Boy Scouts of America will change its name to “Scouting America” next February to be more inclusive, the 114-year-old organization announced yesterday. The rebrand will occur on the 115th anniversary of the Boy Scouts’ establishment and seven years after it began admitting women in 2018.

This latest move toward “inclusion” is likely motivated by the Boy Scouts’ desire to increase its memberships and rehab its image — both of which have suffered under widespread accusations of sexual assault and misconduct by past troop leaders.

The group filed for bankruptcy in 2020 after paying more than $150 million to settle lawsuits related to past assaults and allegations of misconduct. It still owes $2.4 billion to more than 80,000 other victims.

In this social climate, its rarely a bad idea for an organization to demonstrate its commitment to “women’s rights.”

A previously untapped market for the Boy Scouts, girls make up more than 20% of its million total members. Without their patronage, the group’s financial circumstances would be even more dour.

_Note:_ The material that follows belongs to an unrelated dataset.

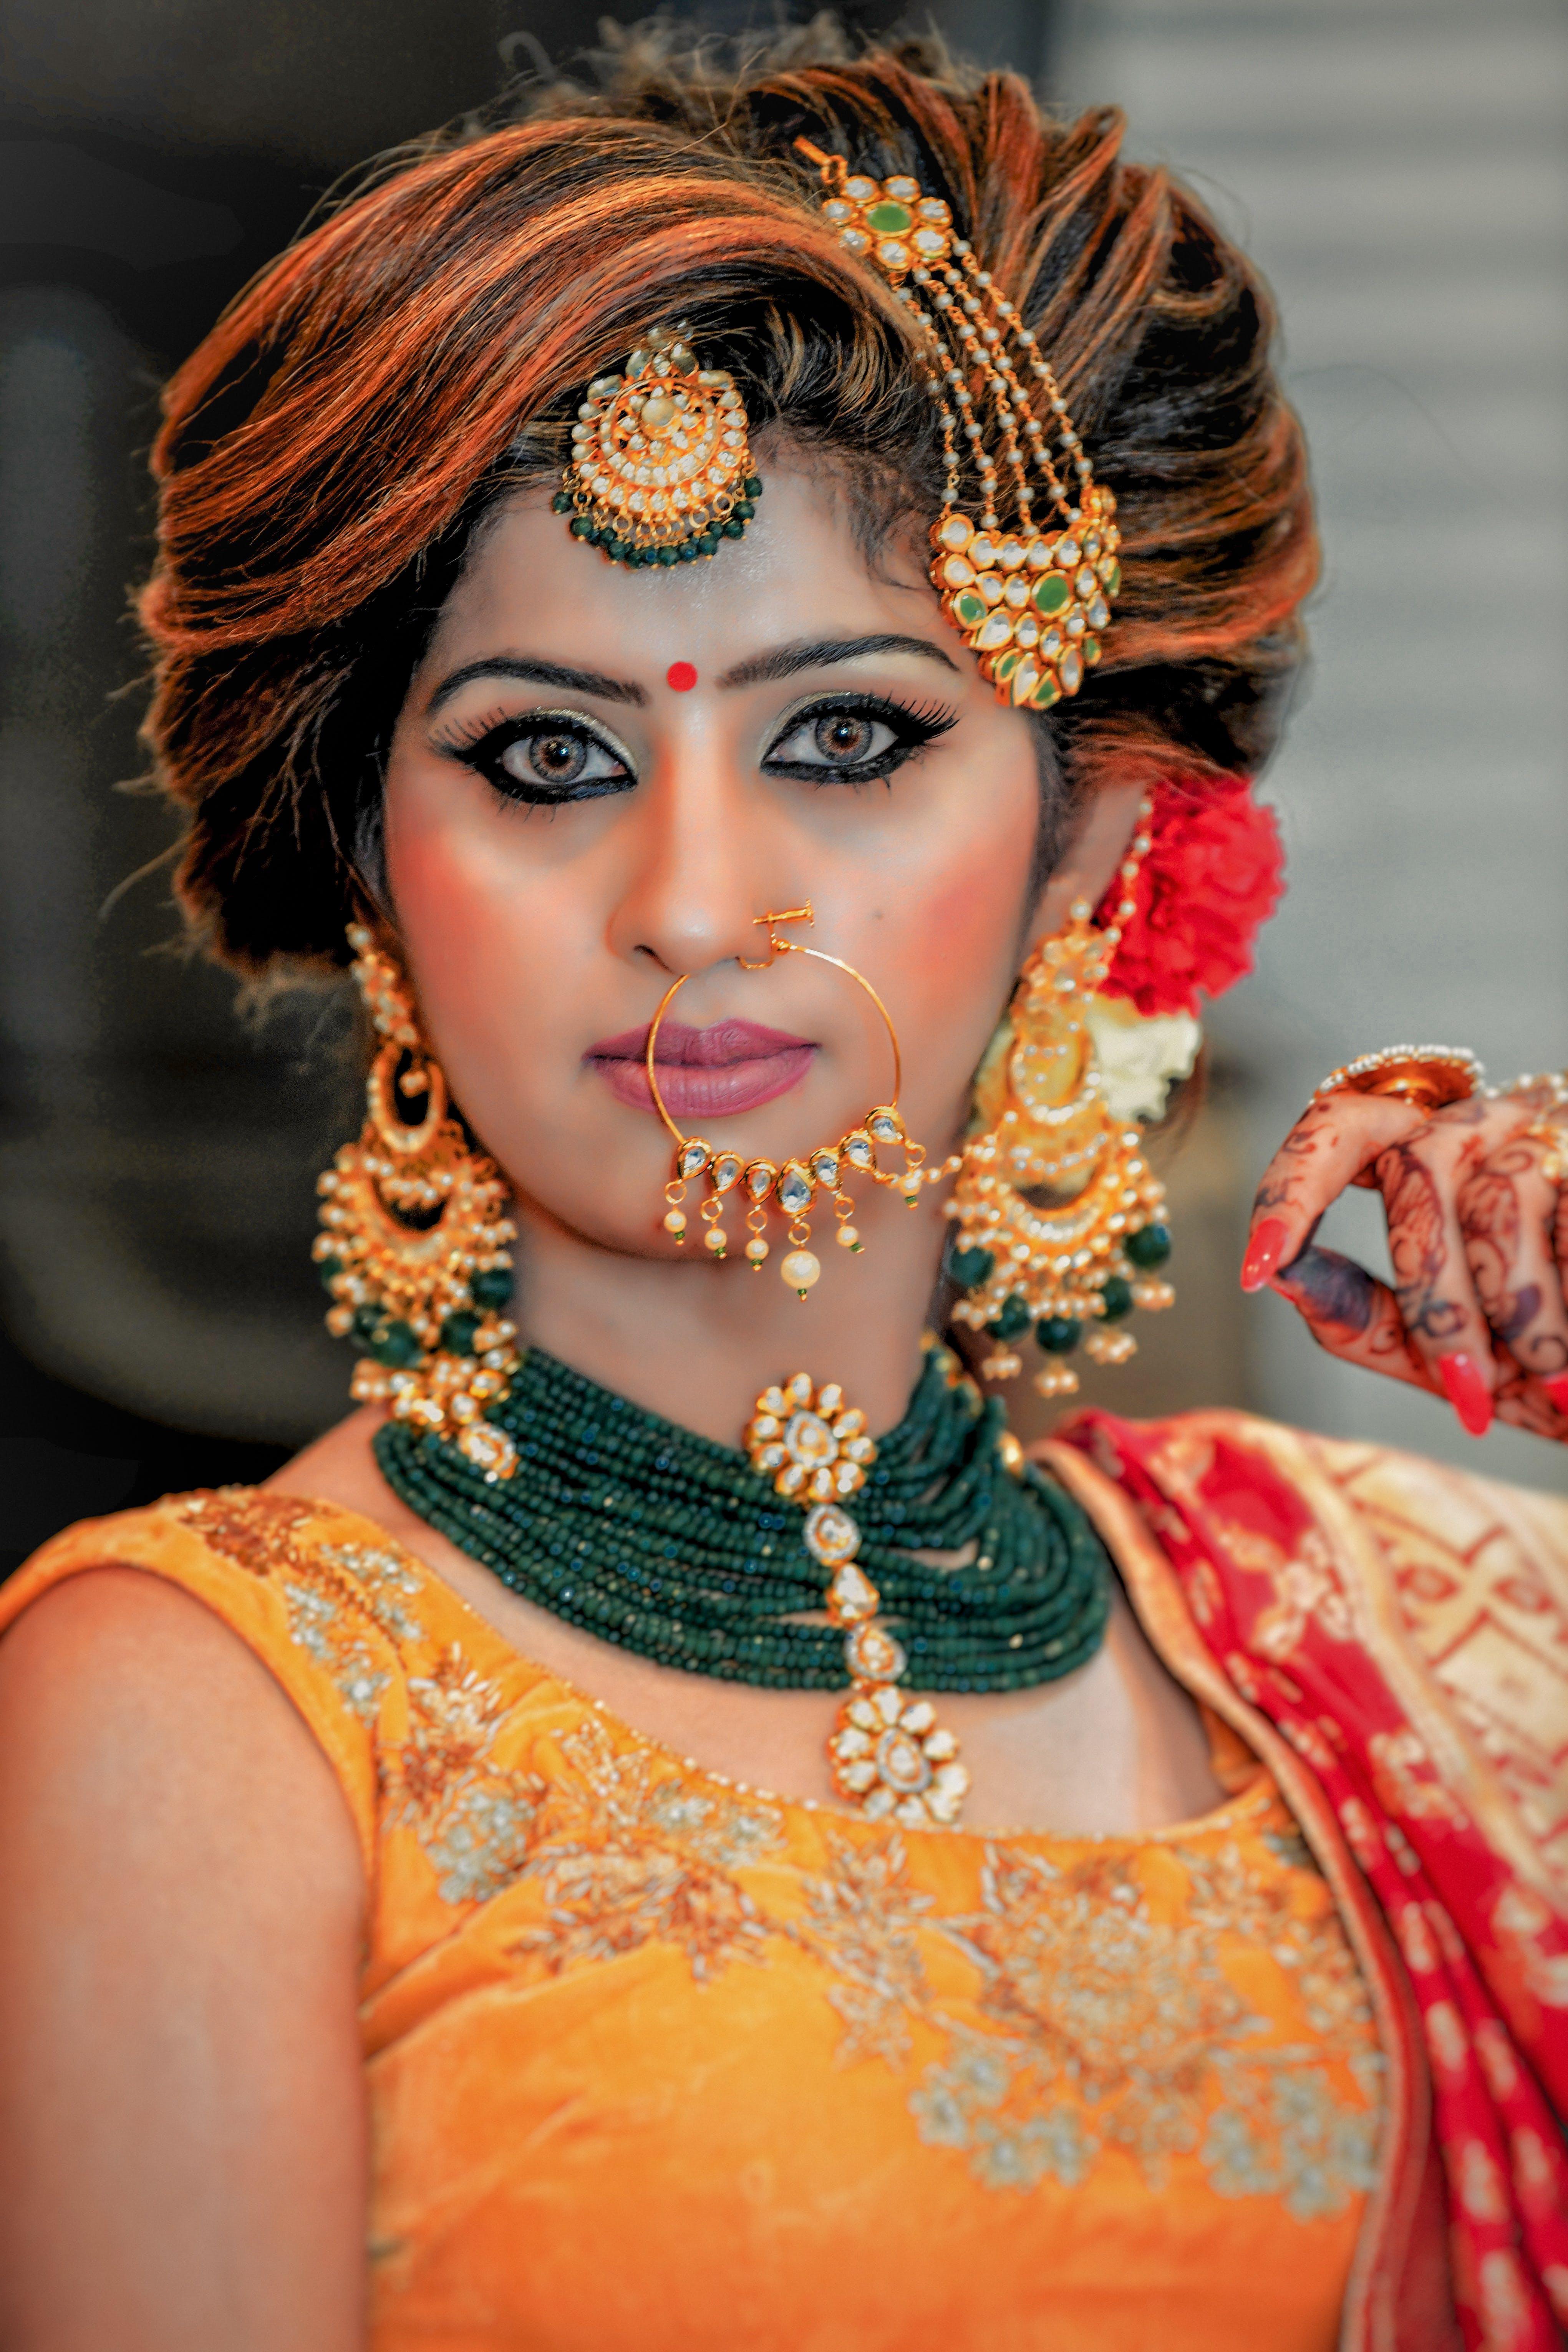 럭셔리, 메이크업, 목걸이, 문화의 무료 스톡 사진

Given the economic and social incentives at play, I don’t think genuine concern for women’s feelings motivated the Boy Scout’s name change. But assuming altruism did play a role in the legacy organization’s rebrand — however unlikely — I feel compelled to say not all organizations must be inclusive.

I grew up with many boy scouts, but never felt I should be allowed to join. I understood that some groups were boys-only, just like I belonged to others that were girls-only. It certainly never occurred to me that exclusion from the Boy Scouts insulted my feminine ability to camp, or lead, or do anything else.

I believe I would have felt differently if I lived when girls had dramatically fewer extracurricular opportunities than boys. But, as it was, I played sports, read dense books, did science experiments, joined debate — basically did whatever I wanted, whenever I wanted to do it.

Little Emily intuitively understood what our culture frequently forgets — inclusivity and equality are not the same thing.

Women’s equality means respecting women as valuable human beings and affording them the same legal, social and economic opportunities as men. Equality does not, however, mean every organization must become co-ed.

Children and adults benefit from some gender-exclusive activities, because people who share biological wiring can provide unique friendship and understanding that people of the complimentary sex cannot.

That’s why almost all of us belong to some kind of single-sex group, be it a weekly girls’ night, a men’s small group, or the Boy Scouts.

Children, in particular, model behavior after same-sex role models. Though children’s primary role models should be their father and mother, extra-parental mentors like coaches, teachers and troop leaders play a critical supporting role in training up children.

So, Boy Scouts — be boy scouts! Don’t let sociopolitical gobbledygook convince you that gender-exclusive activities are sexist. We women are doing just fine.